Given data

____________________

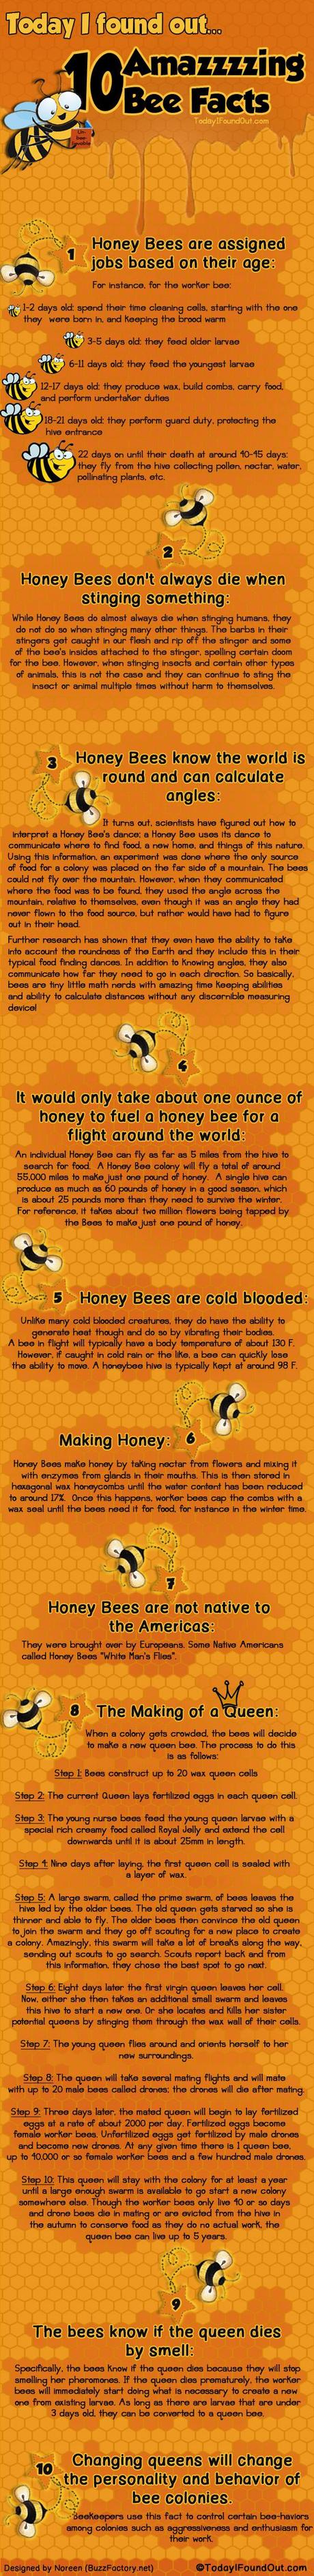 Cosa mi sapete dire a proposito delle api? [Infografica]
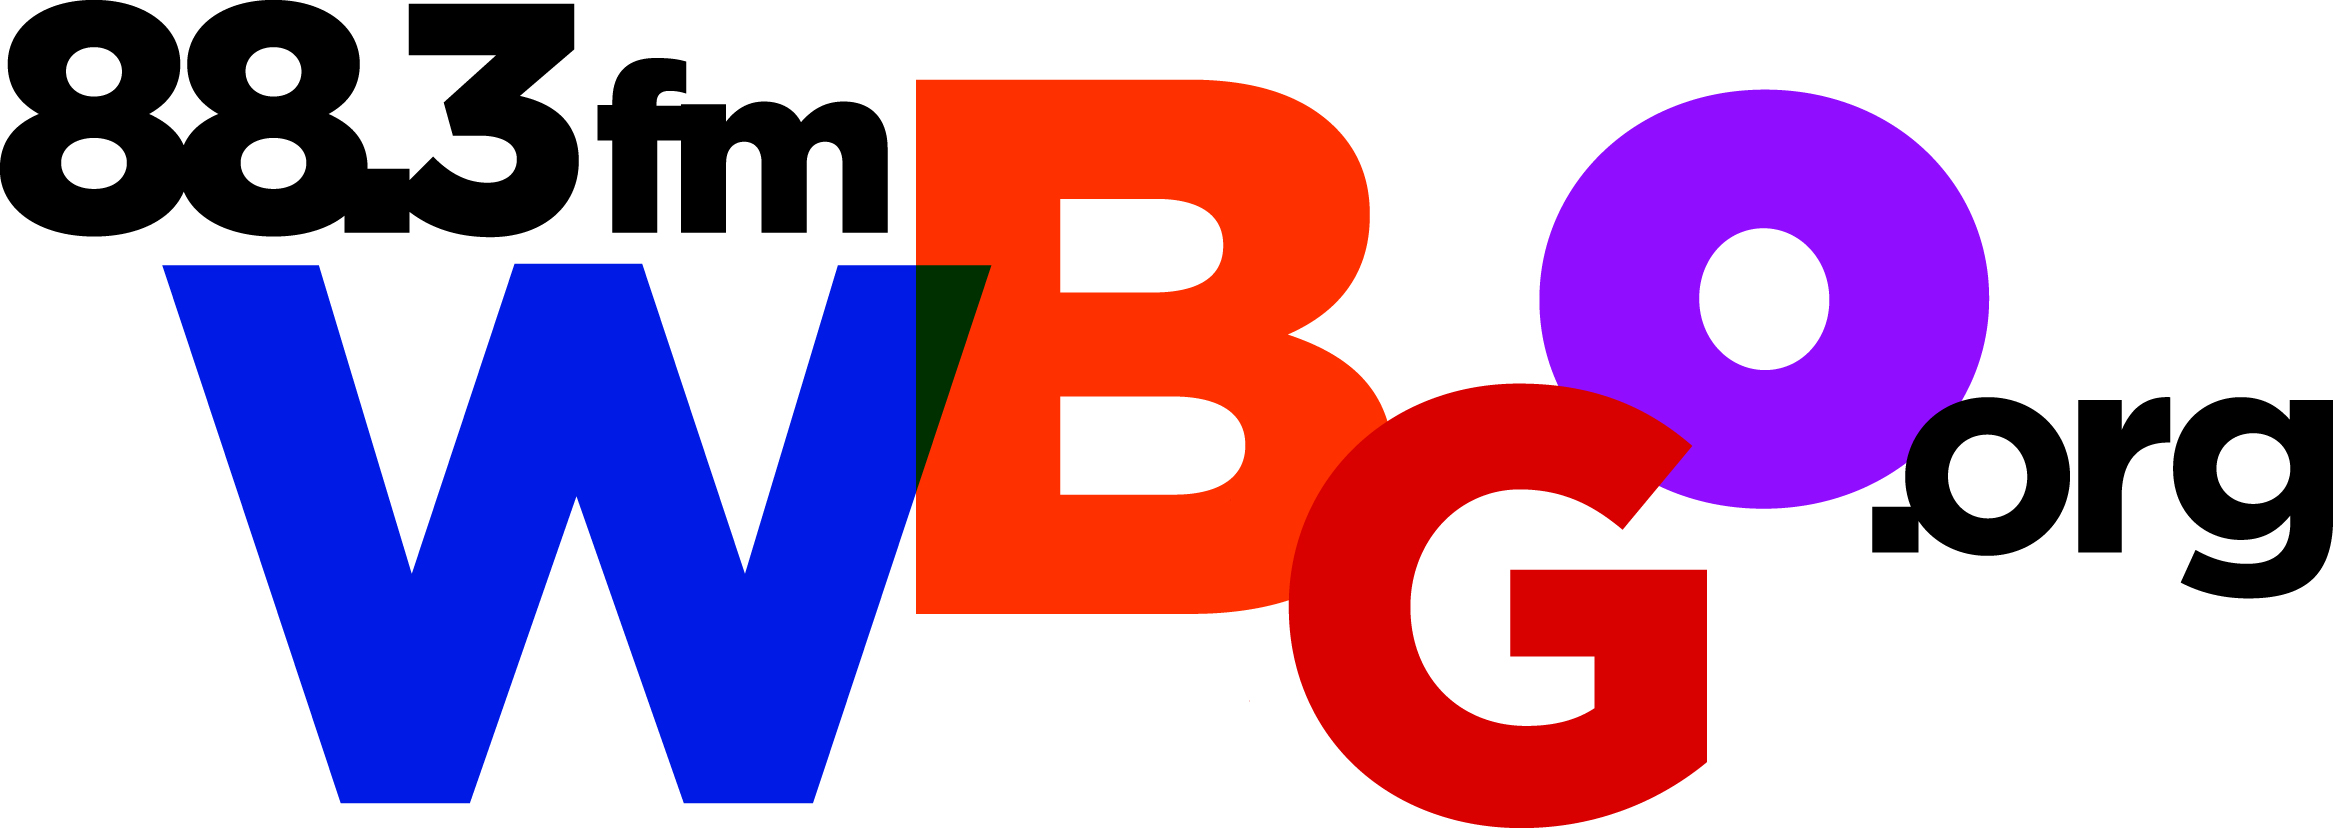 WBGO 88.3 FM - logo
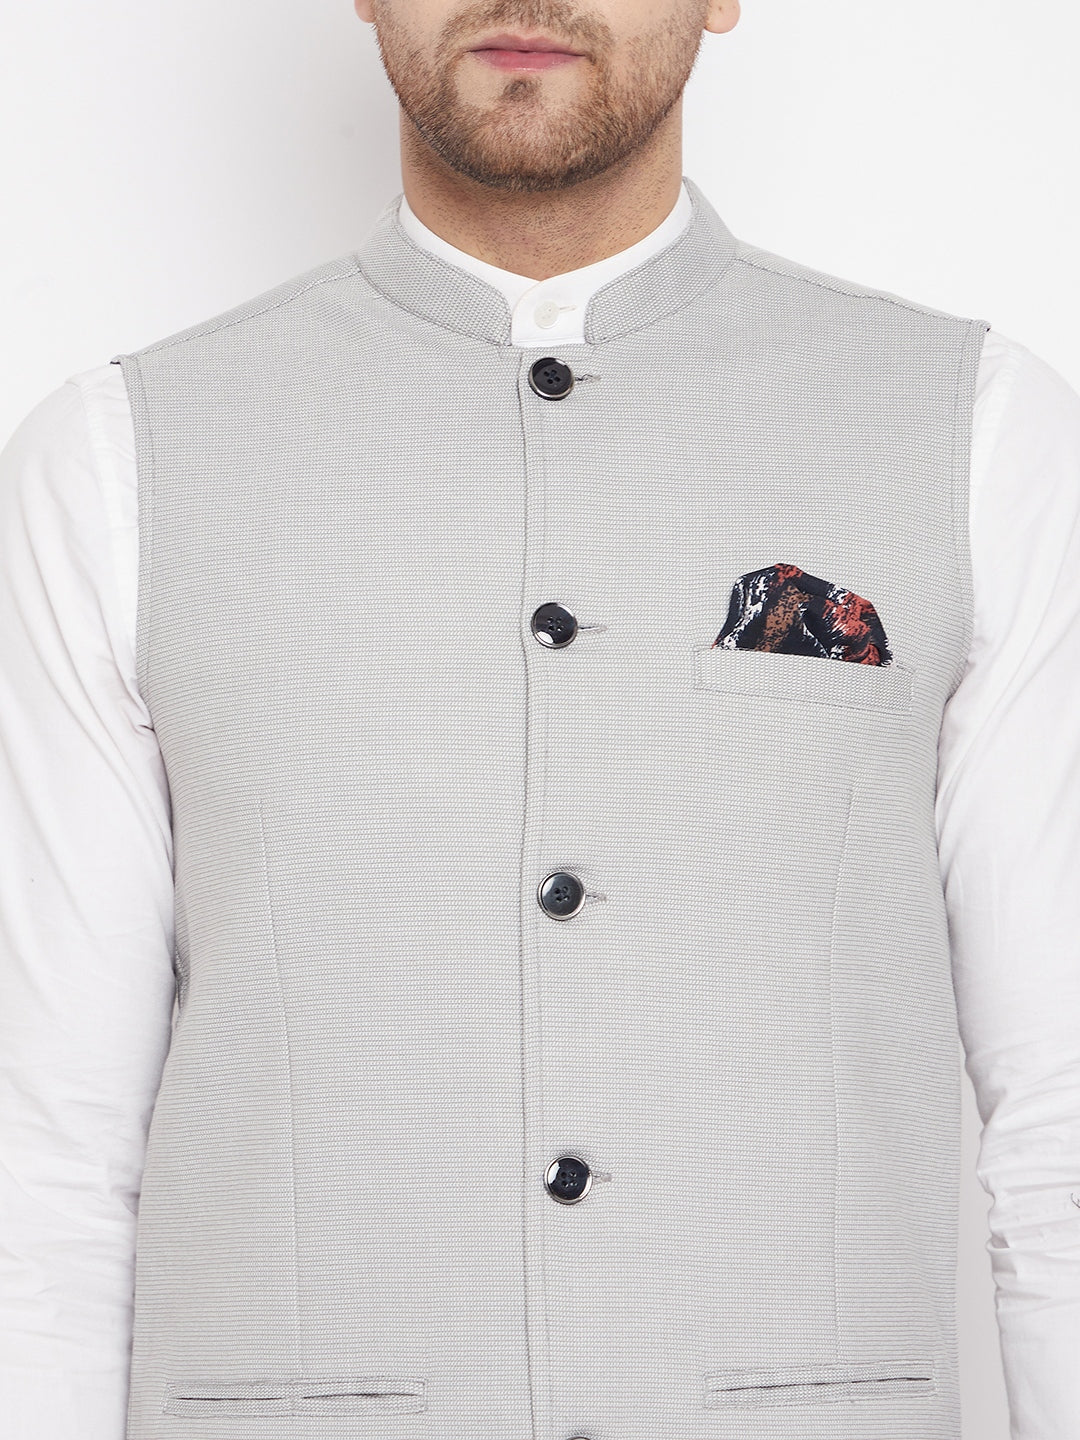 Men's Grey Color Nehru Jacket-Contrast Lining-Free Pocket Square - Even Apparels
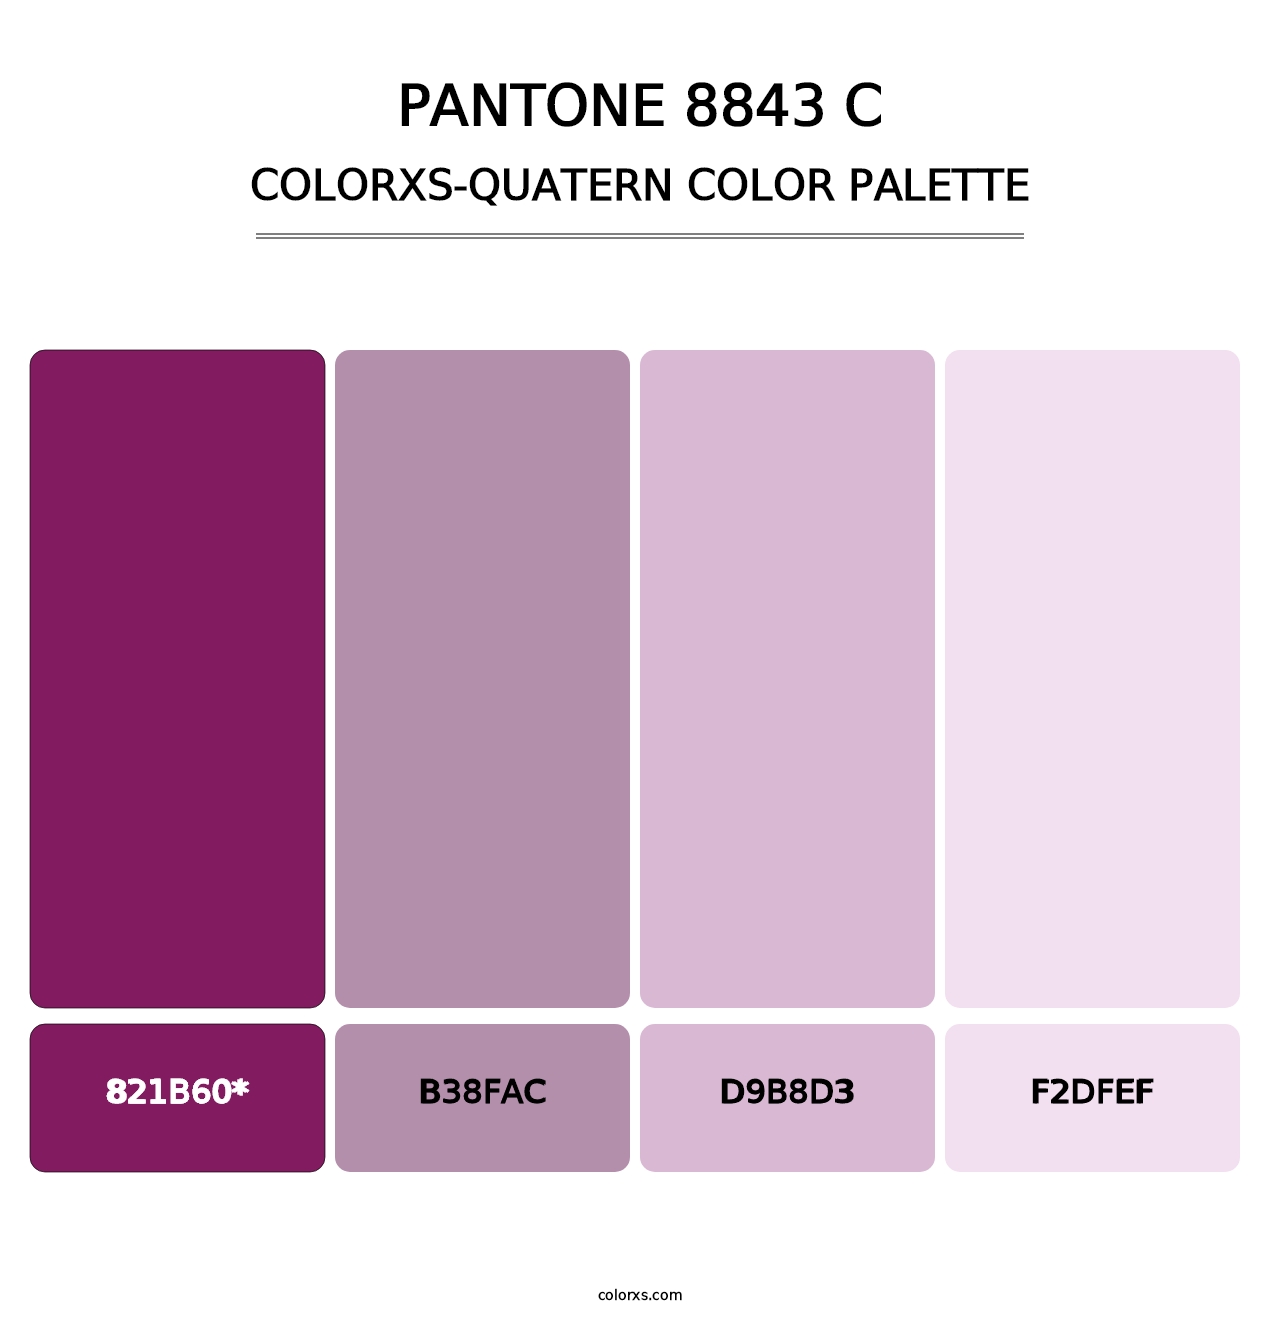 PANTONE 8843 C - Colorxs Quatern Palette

____________________

What needs to be done
Copy the listing above word for word. Do not include the pictures.

Result of this exercise
 Cosa mi sapete dire a proposito delle api? [Infografica]
 WBGO 88.3 FM - logo
 Men's Grey Color Nehru Jacket-Contrast Lining-Free Pocket Square - Even Apparels
 PANTONE 8843 C - Colorxs Quatern Palette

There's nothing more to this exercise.